Wert des Verfahrens beider Instanzen: 3.000 €
II.
Der Antragstellerin wird für das Beschwerdeverfahren ratenfreie Verfahrens-kostenhilfe unter Beiordnung von Rechtsanwalt A. aus B. bewilligt.
Gründe
I.
Die nach §§ 58 ff FamFG statthafte und auch im Übrigen zulässige Beschwerde des Antragsgegners ist nicht begründet.
Der Senat folgt den knappen, aber im Ergebnis zutreffenden Ausführungen des Amtsgerichts – Familiengericht – Rheinberg und nimmt zur Vermeidung von Wiederholungen auf diese Bezug. Das überwiegend auf Wiederholung erstinstanzlichen Vorbringens basierende Beschwerdevorbringen rechtfertigt keine abweichende Entscheidung.

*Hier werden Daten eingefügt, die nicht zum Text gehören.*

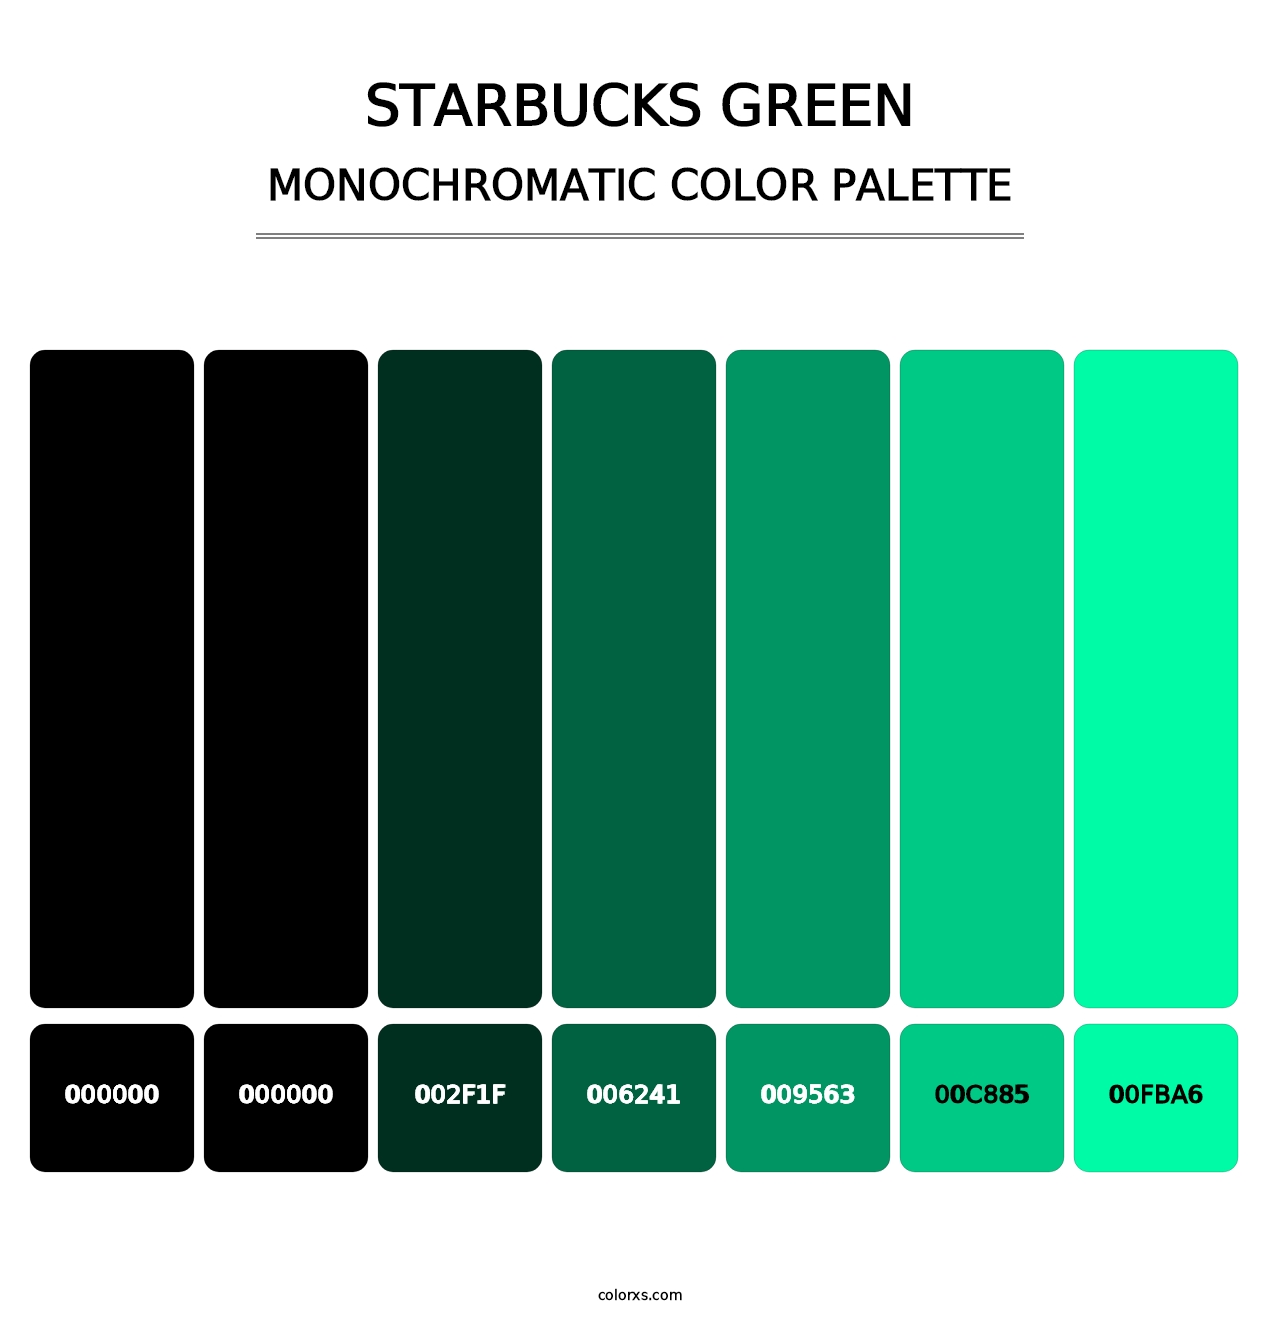 Starbucks Green - Monochromatic Color Palette

Gemäß § 1629 Abs. 2 S. 2 BGB kann bei gemeinsamer elterlicher Sorge der Elternteil, in dessen Obhut sich das Kind befindet, dieses bei der Geltendmachung seiner Unterhaltsansprüche gesetzlich vertreten. Leben die Eltern allerdings - wie hier - in verschiedenen Wohnungen und regeln sie den gewöhnlichen Aufenthalt des Kindes/der Kinder in der Weise, dass es/sie in etwa gleich langen Phasen abwechselnd jeweils bei dem einen und dem anderen Elternteilen lebt/leben (sog. Wechselmodell), so lässt sich ein Schwerpunkt der Betreuung und damit der „Obhut“ nicht ermitteln. Das hat zur Folge, dass kein Elternteil die Obhut im Sinne des § 1629 Abs. 2 S. 2 BGB innehat. Dann muss der Elternteil, der den anderen für barunterhaltspflichtig hält, entweder die Bestellung eines Pflegers für das Kind herbeiführen, der dieses bei der Geltendmachung seines Unterhaltsanspruchs vertritt, oder der Elternteil muss beim Familiengericht beantragen, ihm gemäß § 1628 BGB die Entscheidung zur Geltendmachung von Kindesunterhalt allein zu übertragen (BGH XII ZR 126/03 FamRZ 2006, 1015 Rn. 9 m.w.N.; BGH FamRZ 2014, 917 Rn. 16). Gerade um die vom BGH ausdrücklich für zulässig erachtete Möglichkeit, eine gerichtliche Entscheidung zur Übertragung der Alleinentscheidungsbefugnis in streitigen Angelegenheiten nach § 1628 BGB zu erreichen, geht es vorliegend.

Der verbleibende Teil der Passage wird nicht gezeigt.